Let the boolean variable $a_{v,i}$ be true if $v \in A_i$, and $a_{v,i}$ be true if $v \in B_i$. Then you obtain some constraints (CNF clauses) as follows:

  • The $A_i$'s form a partition: $\neg a_{v,i} \lor \neg a_{v,j}$ for all $i\ne j$, $\lor_i a_{v,i}$ for all $v$. Do the same for the $B_i$'s. (Or see Encoding 1-out-of-n constraint for SAT solvers for more compact encodings.)

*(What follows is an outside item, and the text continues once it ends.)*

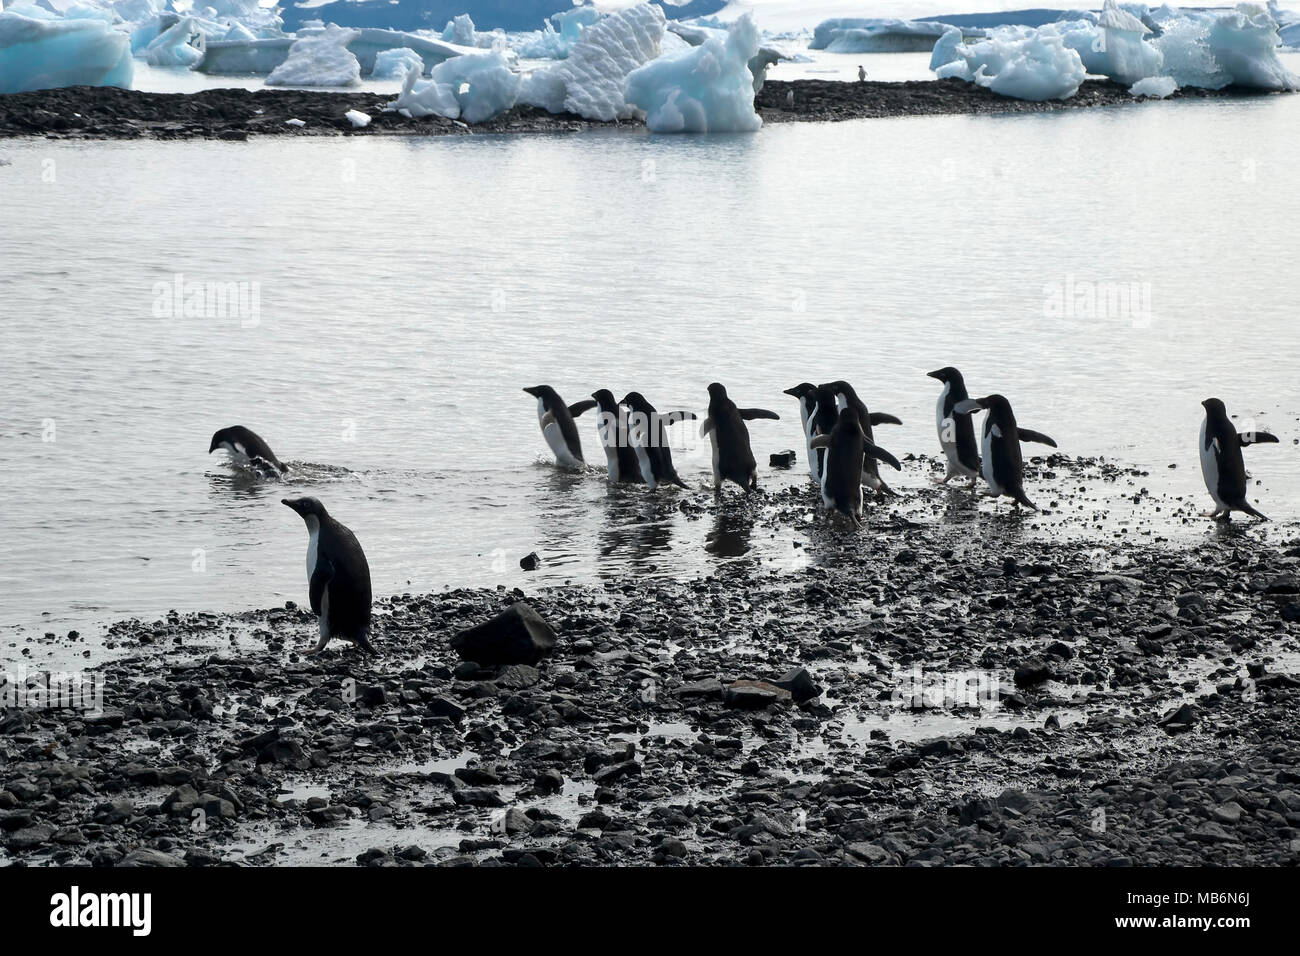 L'Antarctique l'Île du Diable, groupe d'Adelie penguin entrant dans l'eau avec bay rempli d'icebergs en arrière-plan Banque D'Images

  • Only neighboring elements: $\neg a_{v,i} \lor \neg a_{w,i}$ for all $v,w$ that aren't neighboring. Same for the $b$'s.

  • Limited size: use an "at most $M$" constraint to ensure that, for each $i$, at most $M$ of $a_{v,i}$ are true. See Reduce the following problem to SAT.

  • Overlap: for each pair $i,j$, we have $\lor_v (a_{v,i} \land b_{v,j})$, and we also have $\neg a_{v,i} \lor \neg a_{w,i} \lor \neg b_{v,j} \lor \neg b_{w,j}$ for all $v \ne w$. (Or see Encoding 1-out-of-n constraint for SAT solvers for more compact encodings.)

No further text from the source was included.